[About this exercise]: Your answer should be the exact lines of the data below from the one containing "BURBERRY - a" through the one containing "Mable - Leather shoulder bag"; please include nothing else.

[Given data]:
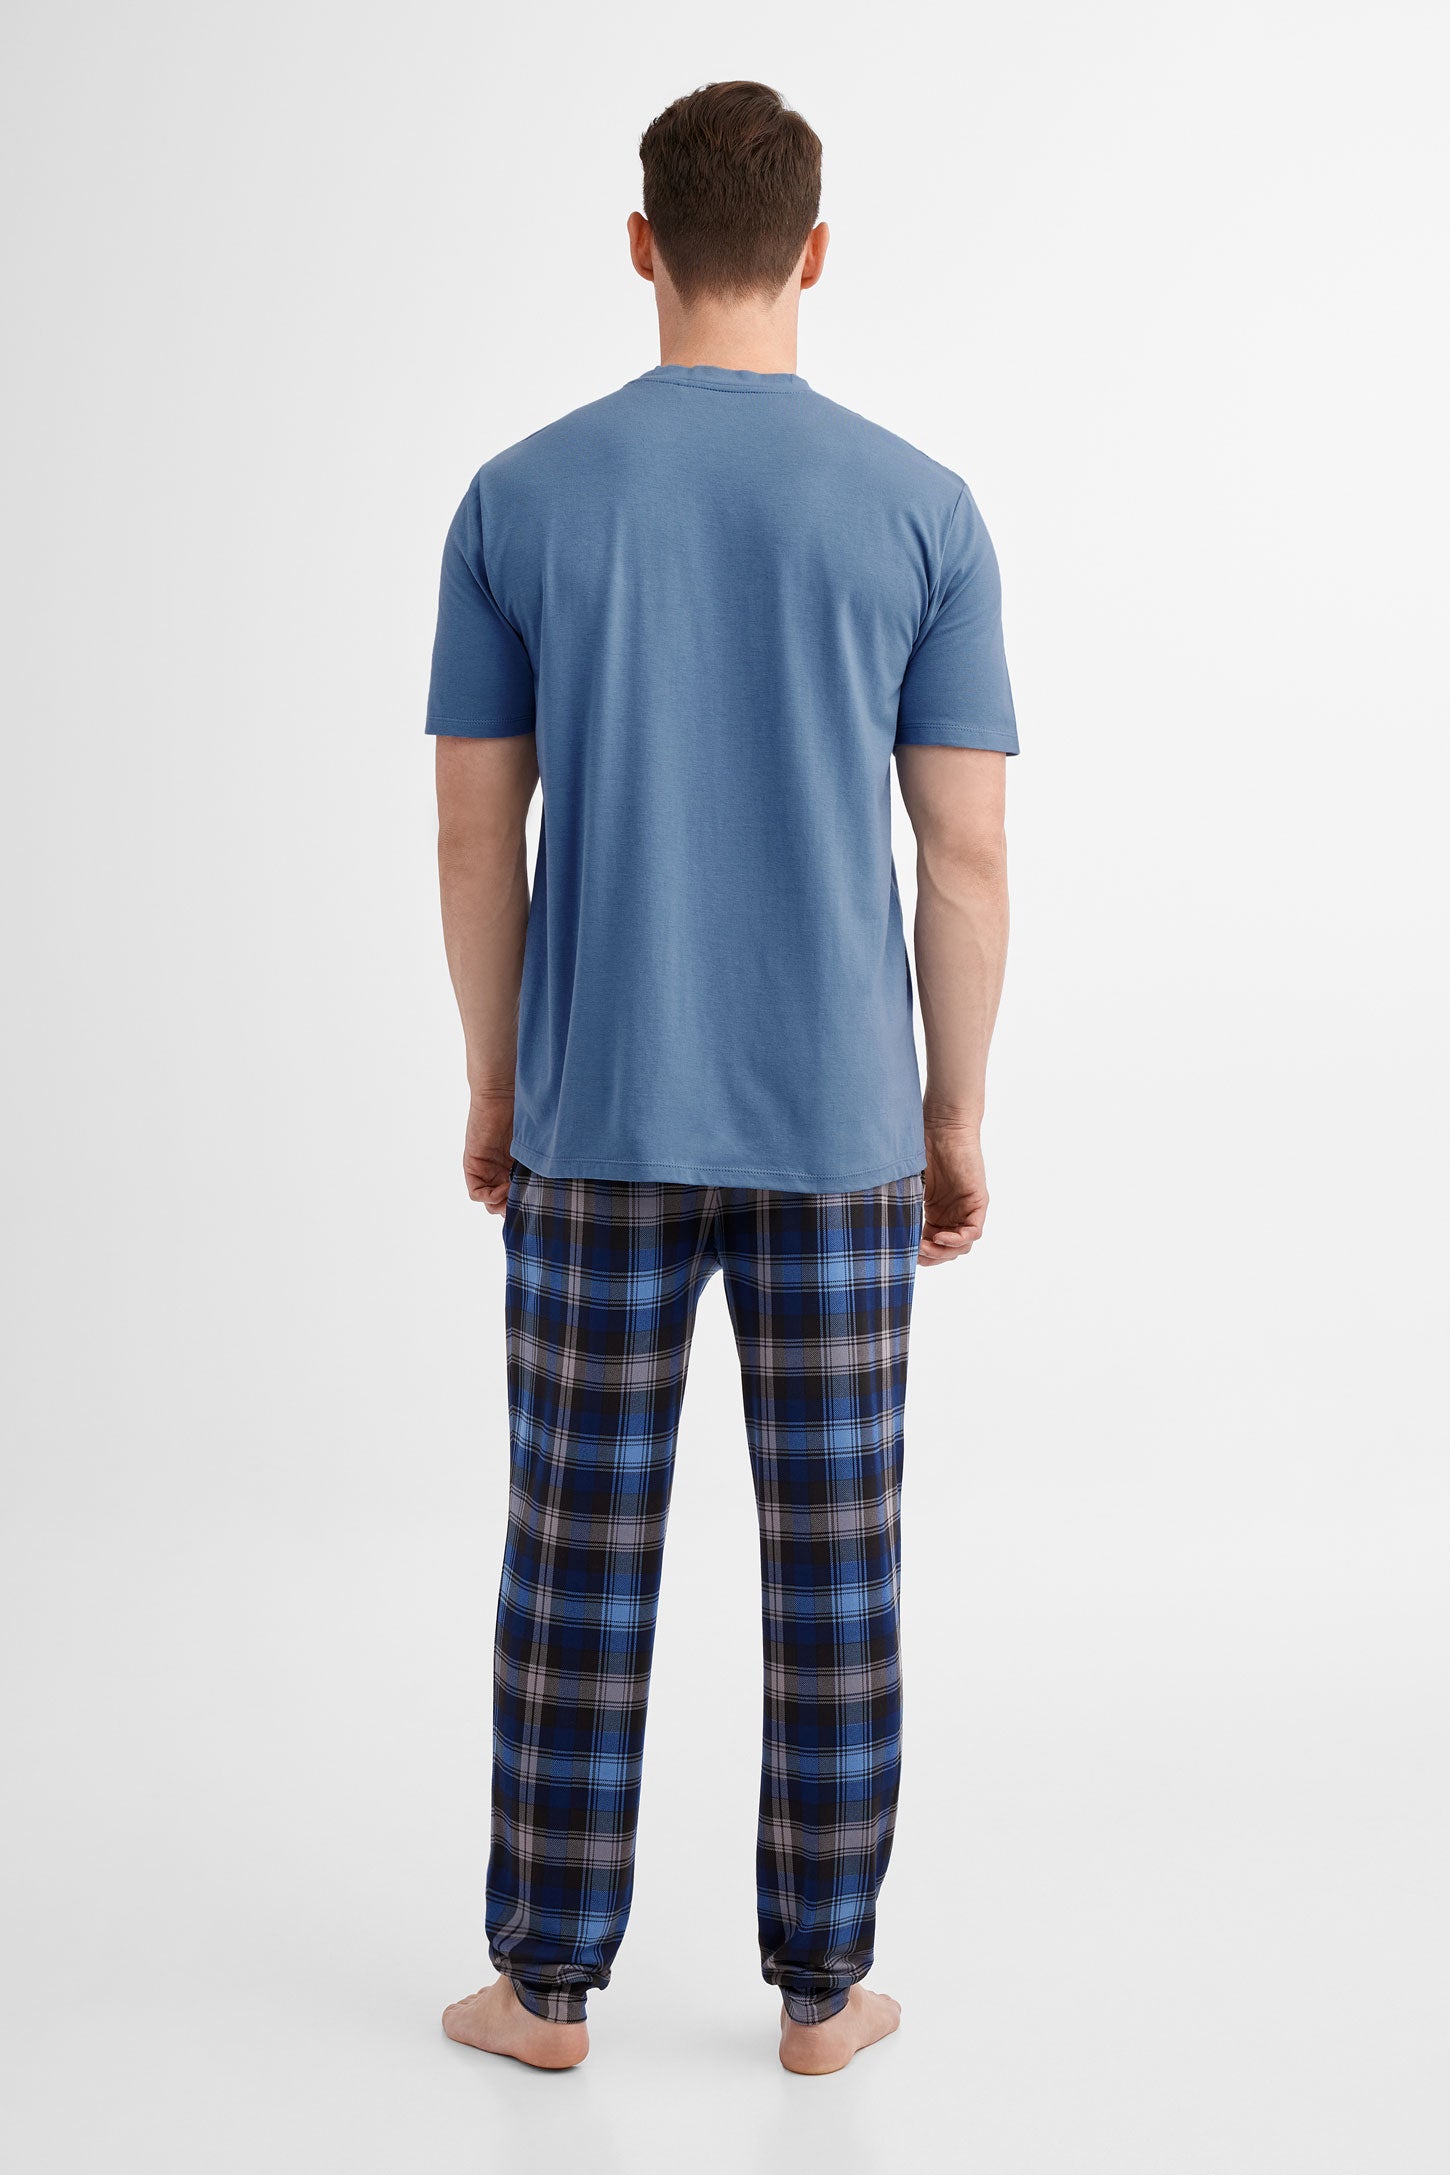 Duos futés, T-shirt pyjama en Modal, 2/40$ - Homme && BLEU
==
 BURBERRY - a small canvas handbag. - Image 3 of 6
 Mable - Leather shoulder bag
...
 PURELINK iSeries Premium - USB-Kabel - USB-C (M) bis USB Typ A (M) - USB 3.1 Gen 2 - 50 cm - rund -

[Output for this task]:
 BURBERRY - a small canvas handbag. - Image 3 of 6
 Mable - Leather shoulder bag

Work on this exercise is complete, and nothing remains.